### Extracted entries ###

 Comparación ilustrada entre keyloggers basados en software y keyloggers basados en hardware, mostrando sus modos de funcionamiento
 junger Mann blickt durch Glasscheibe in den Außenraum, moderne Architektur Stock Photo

###
### Extracted entries ###

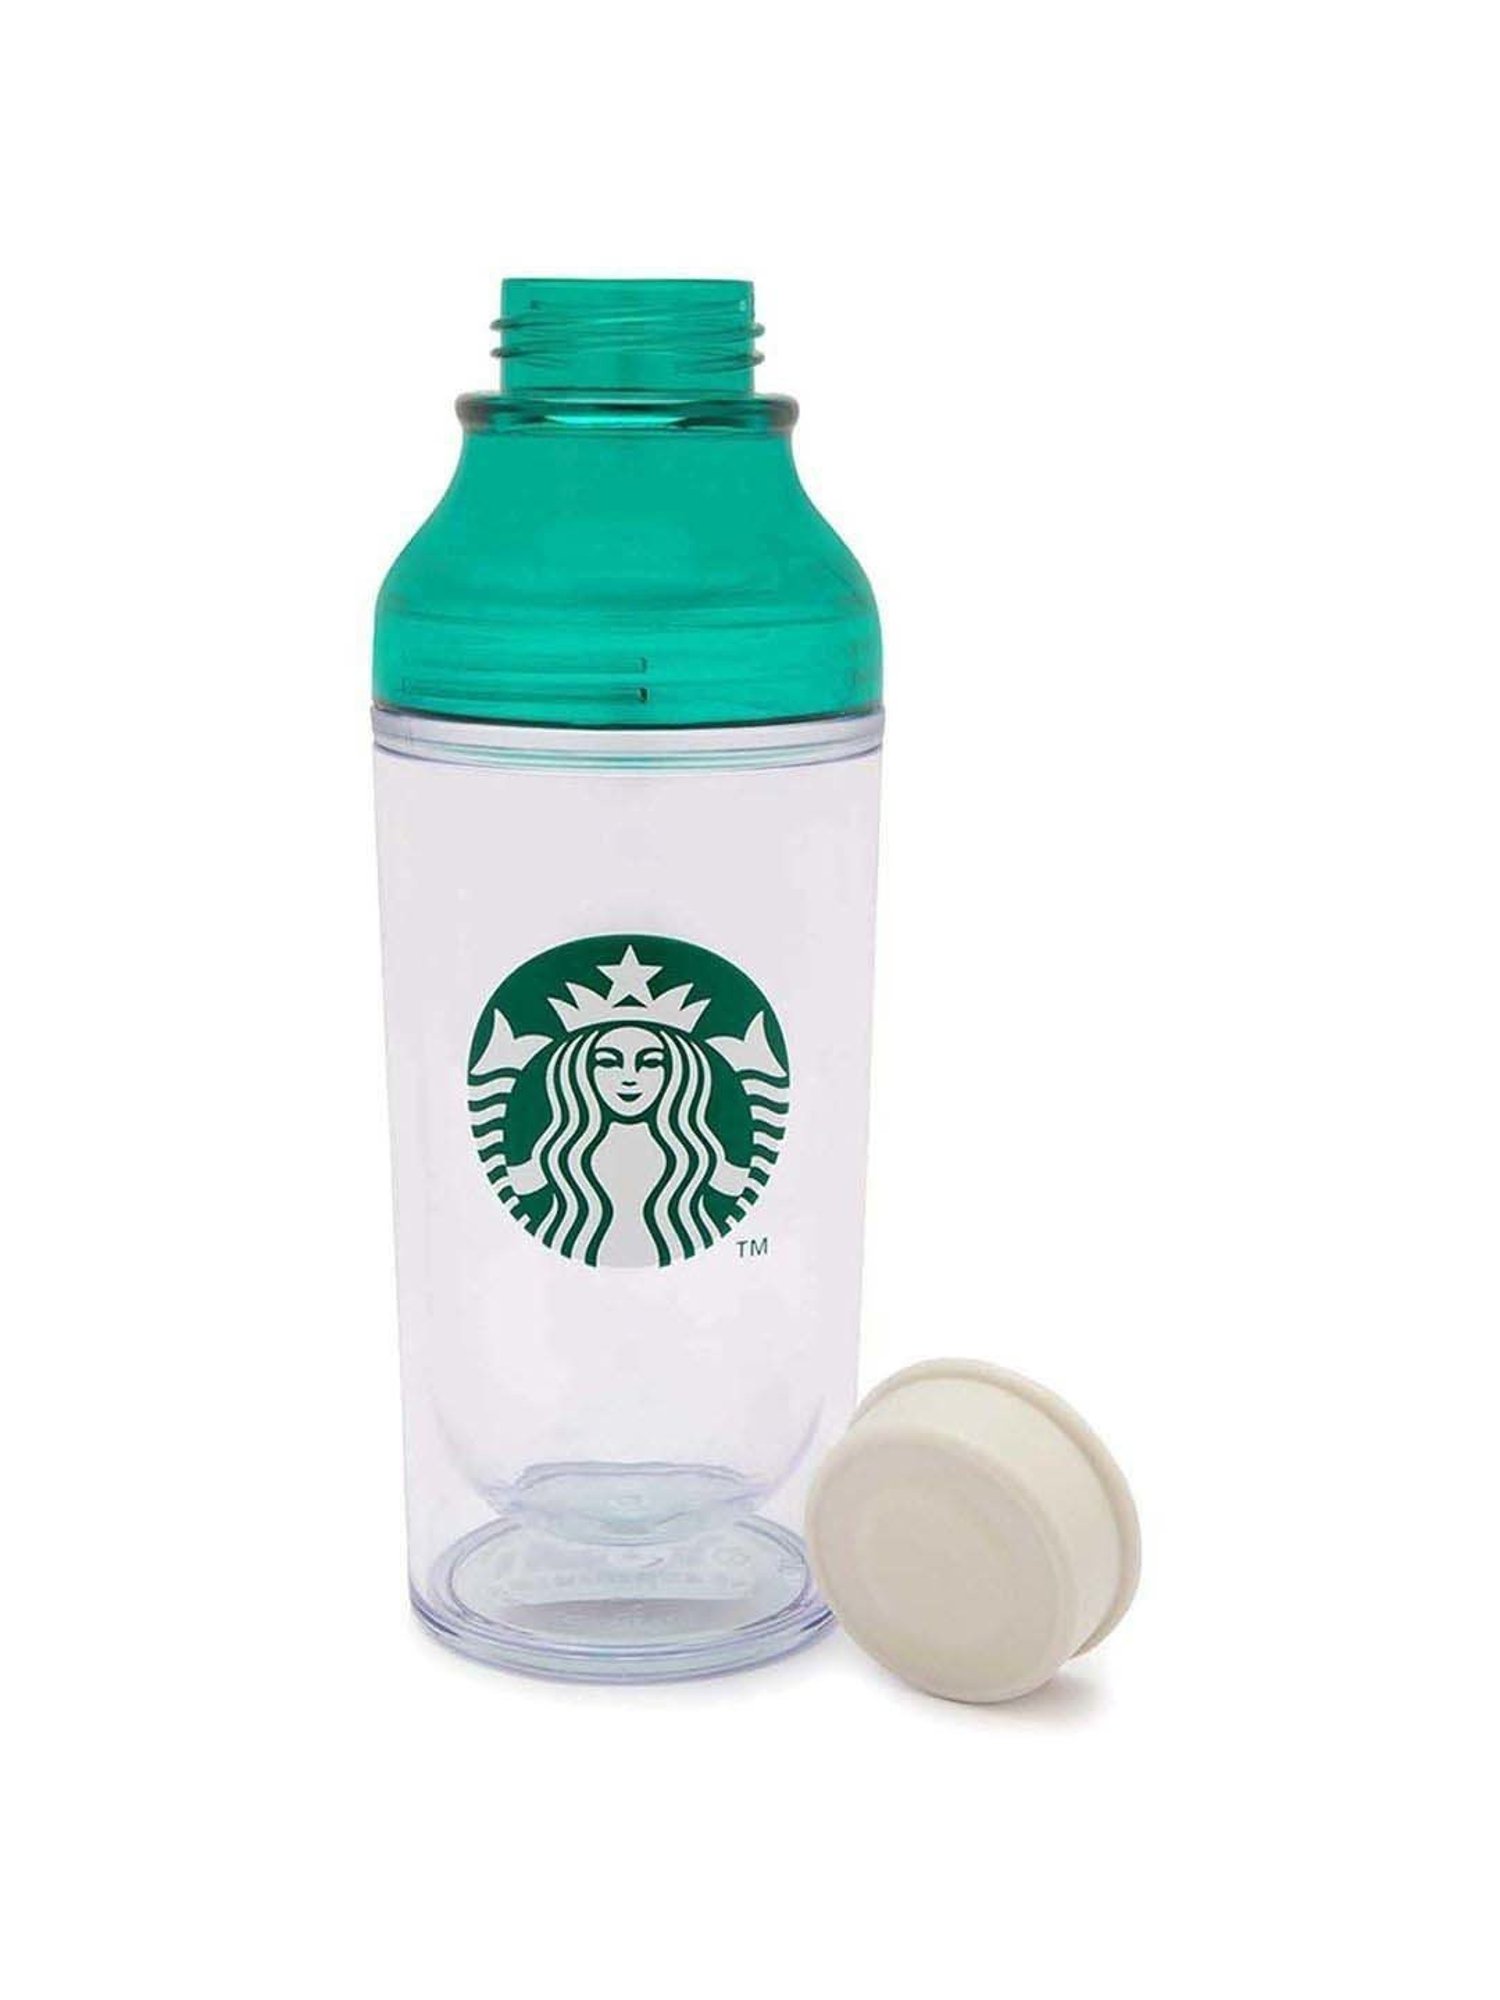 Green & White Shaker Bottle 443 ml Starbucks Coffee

###

The problem:
For the material above, reproduce exactly the lines from the line with "Comparación ilustrada entre" to the line with "junger Mann blickt", inclusive, and exclude all others.

Written solution:
 Comparación ilustrada entre keyloggers basados en software y keyloggers basados en hardware, mostrando sus modos de funcionamiento
 junger Mann blickt durch Glasscheibe in den Außenraum, moderne Architektur Stock Photo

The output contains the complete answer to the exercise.